T-Mobile has finger on Android Pulse

Wireless operator T-Mobile was cheerleading for the Android platform on Thursday morning, unveiling its third handset based on the Google OS and promising many more to come.

At a London briefing, T-Mobile UK lifted the curtain on the Android Pulse – a mass market smartphone built exclusively for the operator by Chinese vendor Huawei.

The handset itself boasts all the expected smartphone features – 3G HSPA, wifi, a 3.2 megapixel camera, full touchscreen interface, GPS and compass – and will be pitched to T-Mobile’s prepay customers. The gadget will cost £179.99 on prepay, and users can get one month’s unlimited data transfer for £5. Contract subscribers will also be able to get their hands on the device but T-Mobile will only release details of those tariffs closer to the October launch of the Pulse.

T-Mobile was early to the Android party, launching the world’s first Android handset, the G1 from HTC, as well as the G2/Magic. At the Pulse launch Nicola Shenton, T-Mobile UK’s acting head of device marketing was singing the praises of Android, saying that one fifth of the operator’s handset sales to postpaid consumers are Android-based devices.

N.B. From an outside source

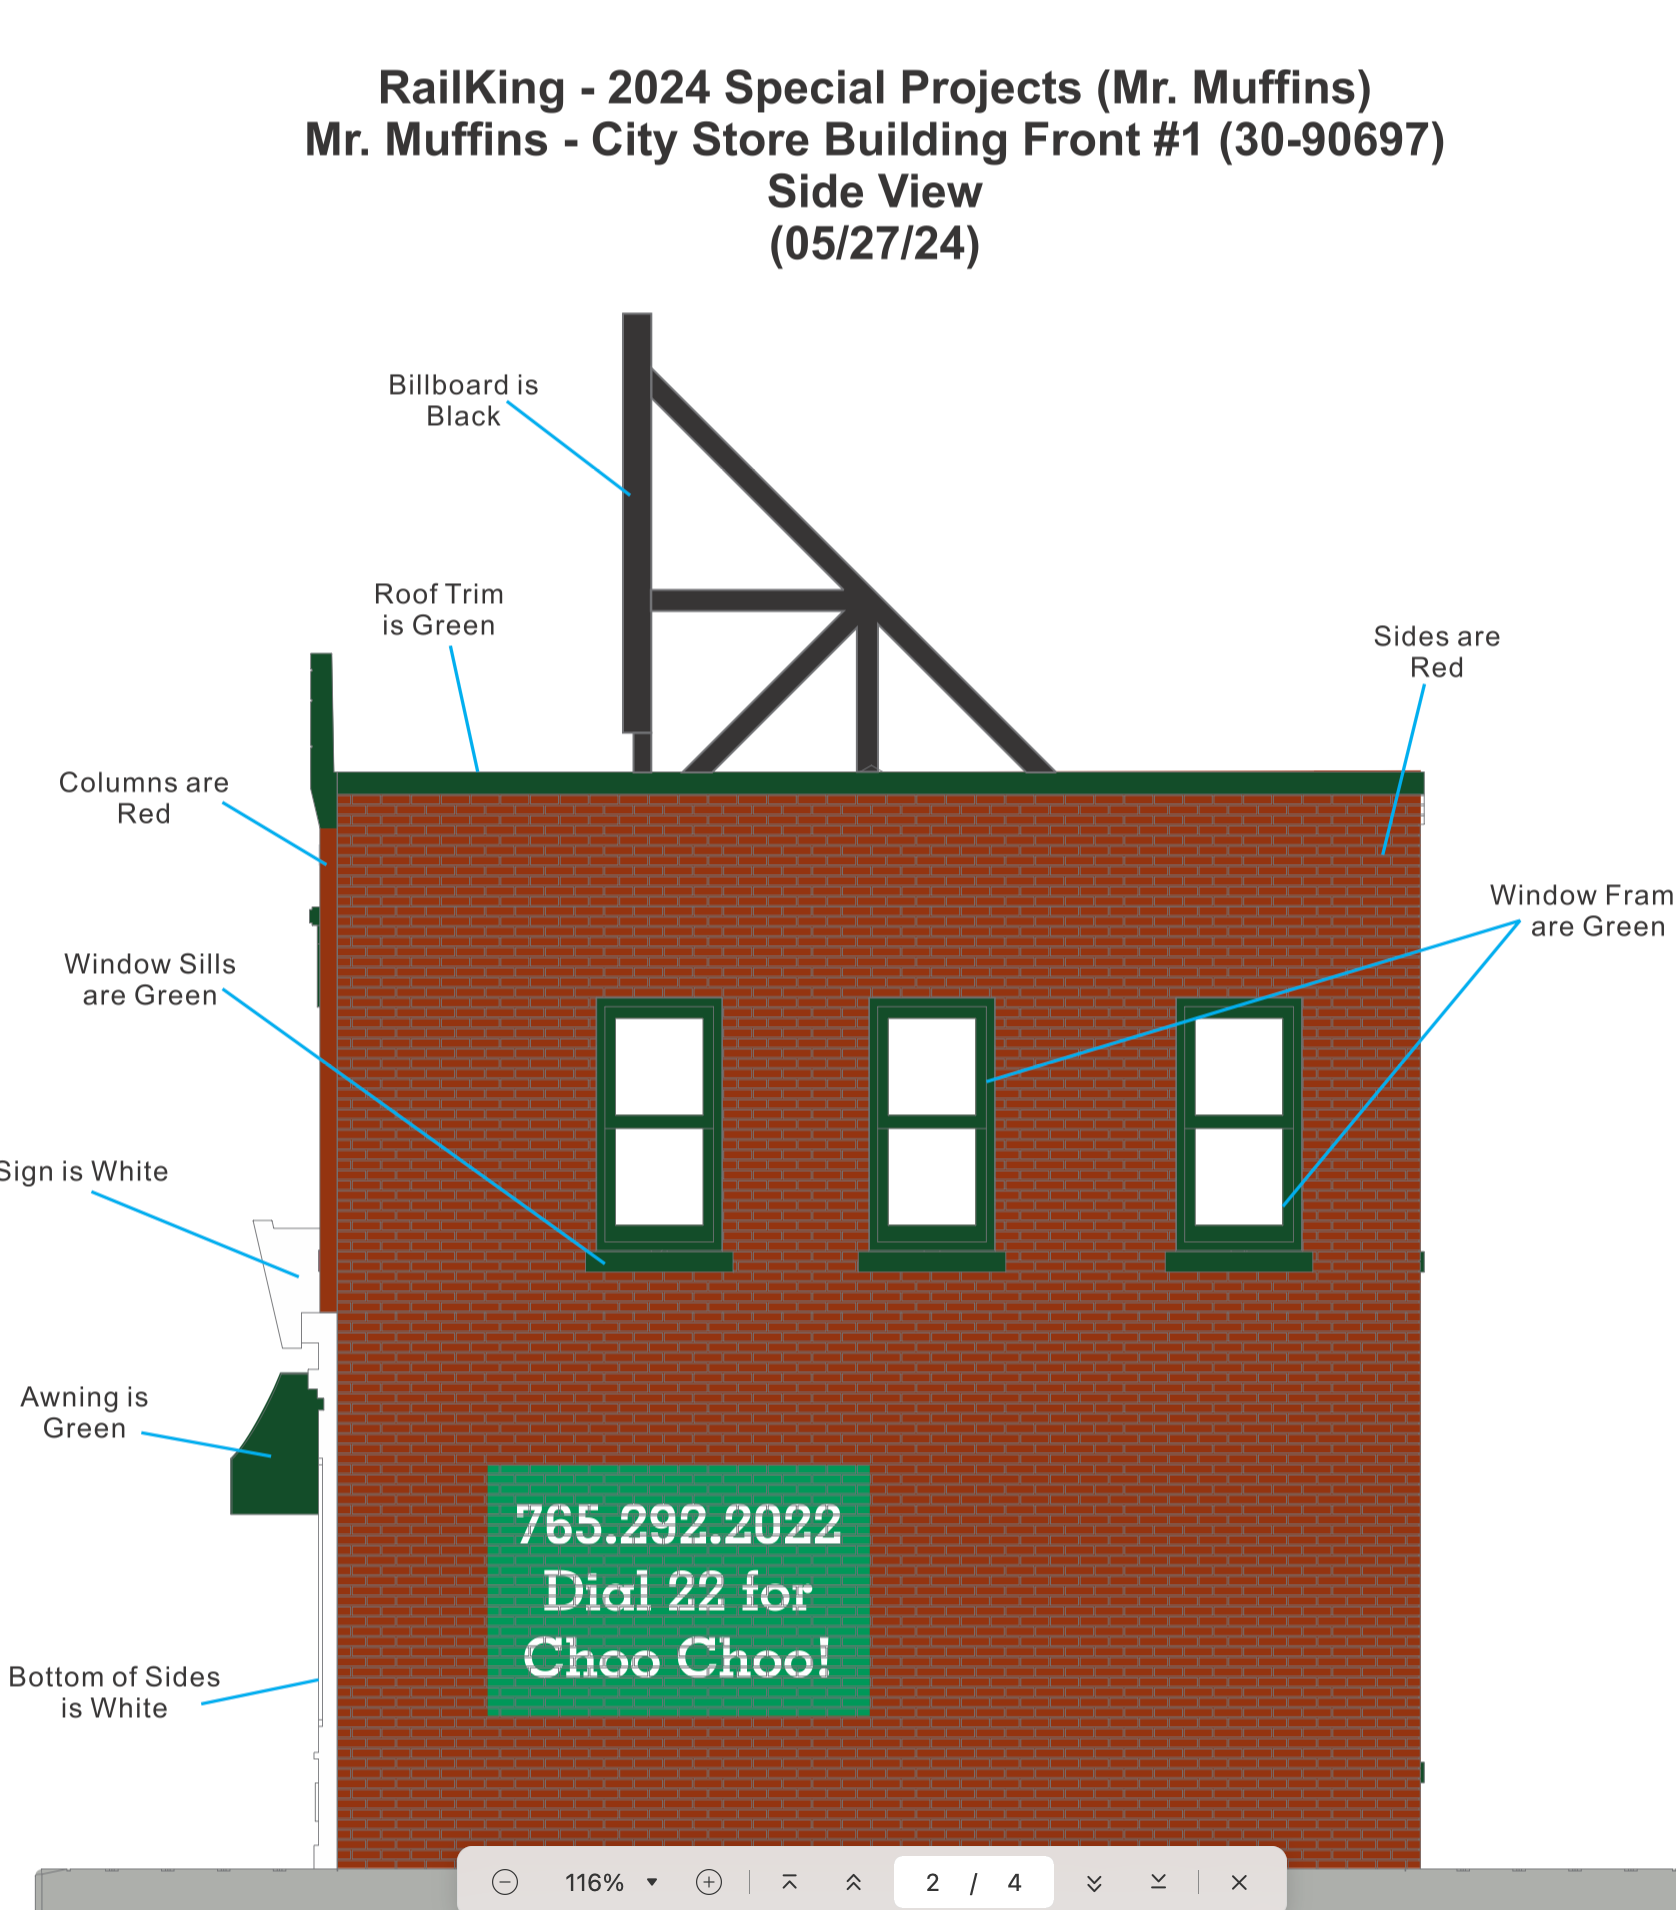 MTH 30-90697 - 2-Story City Building - "MrMuffin'sTrains" - Custom Run for MrMuffin'sTrains

In fact, “T-Mobile expects Android to outstrip all other operating systems in terms of sales by 2013,” Shenton said. “We really believe in Android, and we anticipate there will be around 20 Android-based handsets available worldwide [not just from T-Mobile] by the end of 2009,” she added.

Huawei, which has a reasonable foothold in the handset space as a white label manufacturer, also has nothing but good things to say about Android, with Glory Chueng of Huawei’s terminals division claiming that the platform is a “dream to work with because it’s very stable and easy to customise.”

For the development of the Pulse, Huawei and T-Mobile have collaborated on a ‘canvas’-based interface, which features six different home screens or desktops as default. As Android continues to mature, T-Mobile reckons customisation will be the driving force with hardware becoming the main differentiator between high and low end devices, while a smartphone-type software experience becomes the norm across the board.

“Android has an early advantage in being a truly open platform, and we are seeing rivals such as Symbian and Windows make movements in this direction too,” said Shenton. “Apple has done the industry a favour by promoting customisation and apps and this will help the smartphone experience to filter down through the mid and low tier range of devices.”

One comment

  1. Avatar Angela Hey 03/09/2009 @ 7:24 pm

    Re: “T-Mobile expects Android to outstrip all other operating systems in terms of sales by 2013,”

    We thought the same about UNIX in 1983 – when Windows was announced at Comdex! After all UNIX was open and technically superior. Well Linux has taken off. I expect that one or two Android versions will be very important – and the jury is still out for who will lead the mobile OS – I don’t think it’s Microsoft’s turn this time!